Half of GPs have seen a jump in the number of patients attending practices following private screening of their glucose or cholesterol levels – even though many of the patients do not actually require treatment – a Pulse survey reveals.
Of 363 GPs surveyed, 49% said that they had noticed an increased attendance rate as a result of private screening, with respondents estimating that, on average, just 10% of these patients were need of treatment. 43% of GPs said they had not seen a rise while 8% were unsure.
It is becoming commonplace for pharmacies to offer glucose and blood pressure tests, with the GPC warning that some patients are paying up to £500 for private screening.
GPC prescribing lead Dr Bill Beeby said practices were having to ‘pick up the pieces’ from patients receiving results from these screenings.
He said: ‘GPs sometimes have to pick up the pieces by interpreting things that should have been interpreted by the people who did the screening. If someone is doing a test they should be able to explain the results to the patient.’

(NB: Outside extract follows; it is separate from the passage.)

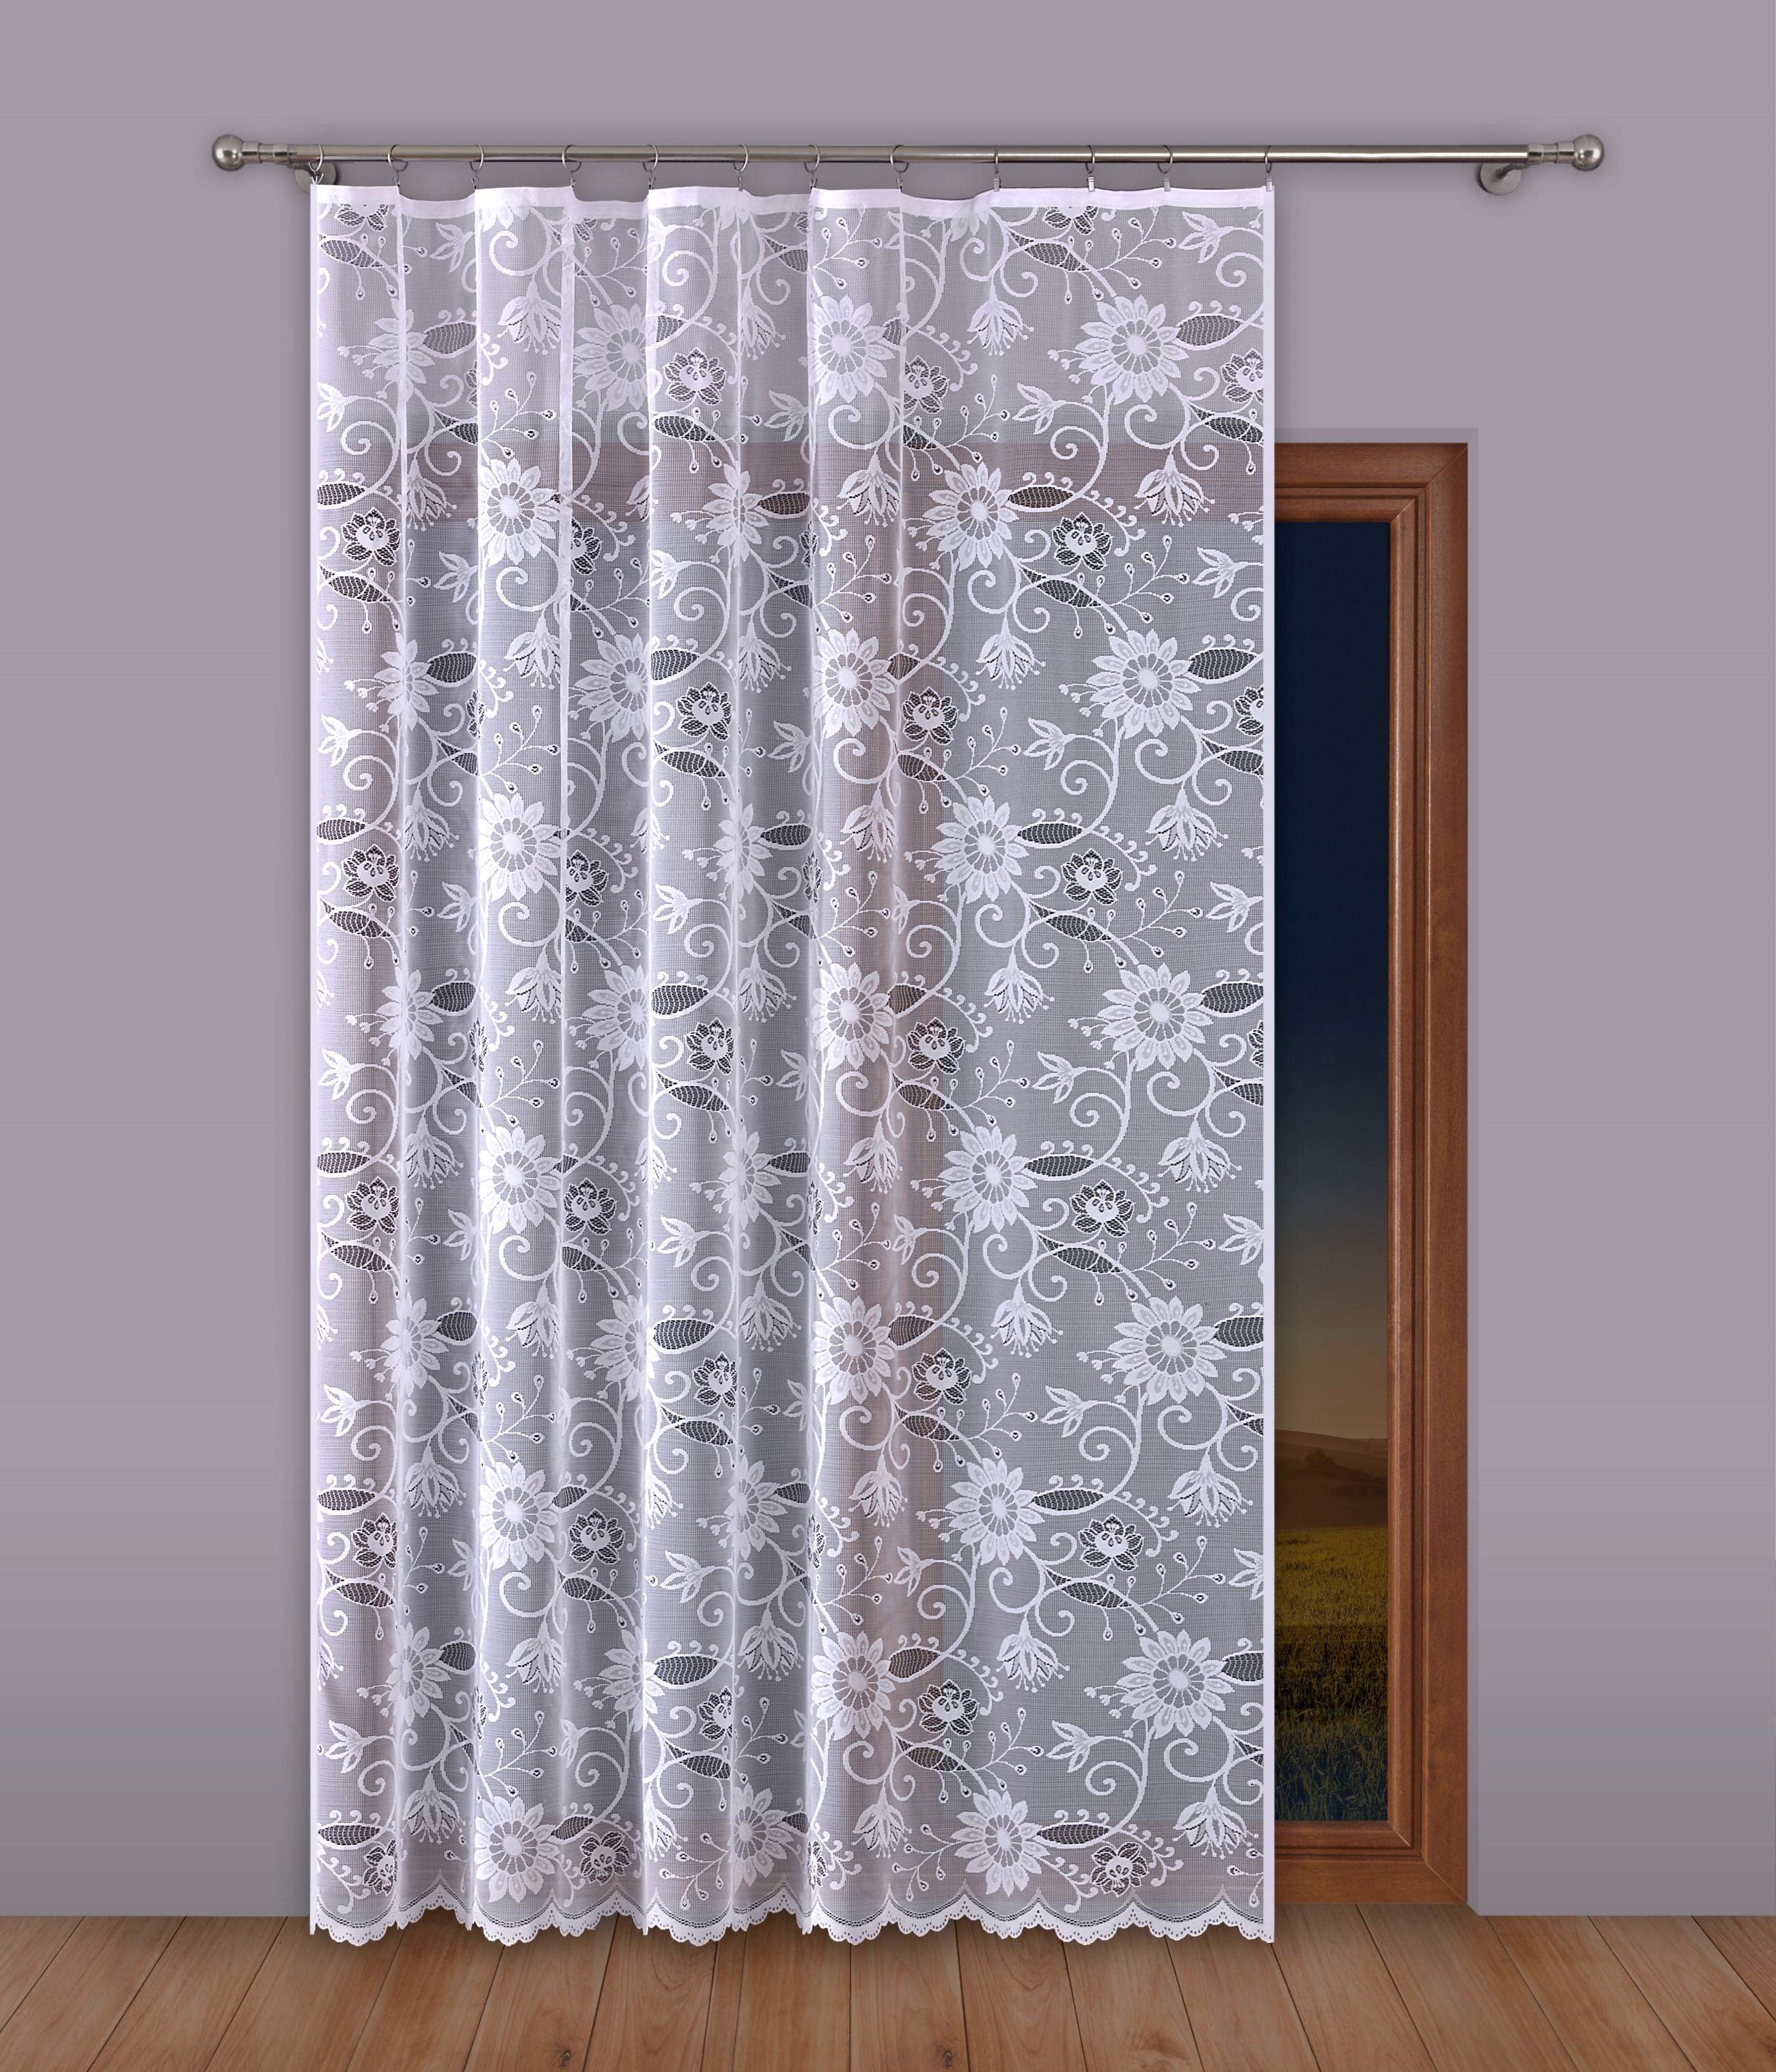 Шторы Primavera Классические шторы Beelzebub Цвет: Белый шторы primavera классические шторы larry цвет белый

Patients who obtain isolated readings for cholesterol or glucose levels could become either unnecessarily worried or falsely assured, he added. ‘I don’t mind if people want to get screened privately, although it can cost them £300-£350 to find out something that we can do for free. Sometimes with private screenings all they get is a printout that just tells them to stop smoking, lose a bit of weight and do some exercise.’
Dr Stewart Findlay, chief clinical officer of Durham Dales, Easington and Sedgefield CCG and a GP in Bishop Auckland with an interest in primary prevention, said the pressure on workload could increase when local authorities take responsibility for public health checks.
He said: ‘Local authorities will outsource it, and it will become normal for patients to have the screening and then see the GPs after. This is inefficient and means duplication of work. If you are over 40 then you should be having your health check every five years. You don’t need to go anywhere else if you are not receiving treatment.’
Screening on pharmacists’ premises has very limited use, because tests are often done in isolation, Dr Findlay added. ‘They might only do checks for cholesterol, and not thyroid or blood sugar.’
Professor Ahmet Fuat, a GP in Darlington and a professor of primary care cardiology at the University of Durham, said he had noticed an increase in patients at his own surgery following private screenings.
But he added: ‘I don’t think there is anything wrong in people getting private screening. Many of the patients have been screened at a chemist’s, and they are entitled to that. It does create a bit more work for GPs – but screenings pick up treatable conditions.’
However, Professor Fuat said that he did not believe private screening should include ultrasound tests and ECGs.
Dr Andrew Mimnagh, a GP in Sefton, Merseyside said: ‘The high street ambulatory services have mobilised the worried well. The majority of folk who come to my surgery thinking they have high cholesterol find out they don’t actually have any problems once they have had a proper intervention using something like the QRISK prediction algorithm for cardiovascular disease. All they need is lifestyle advice. In the high street there is no access to literature or personal support so they come to the GP practice. There is a big disconnect there.’
‘In terms of hard-pressed GP practices, these patients are a long way down the pecking order. We don’t have a huge number of patients turning up after private screenings, but a key problem among them is that they are experiencing disproportionately high anxiety levels.’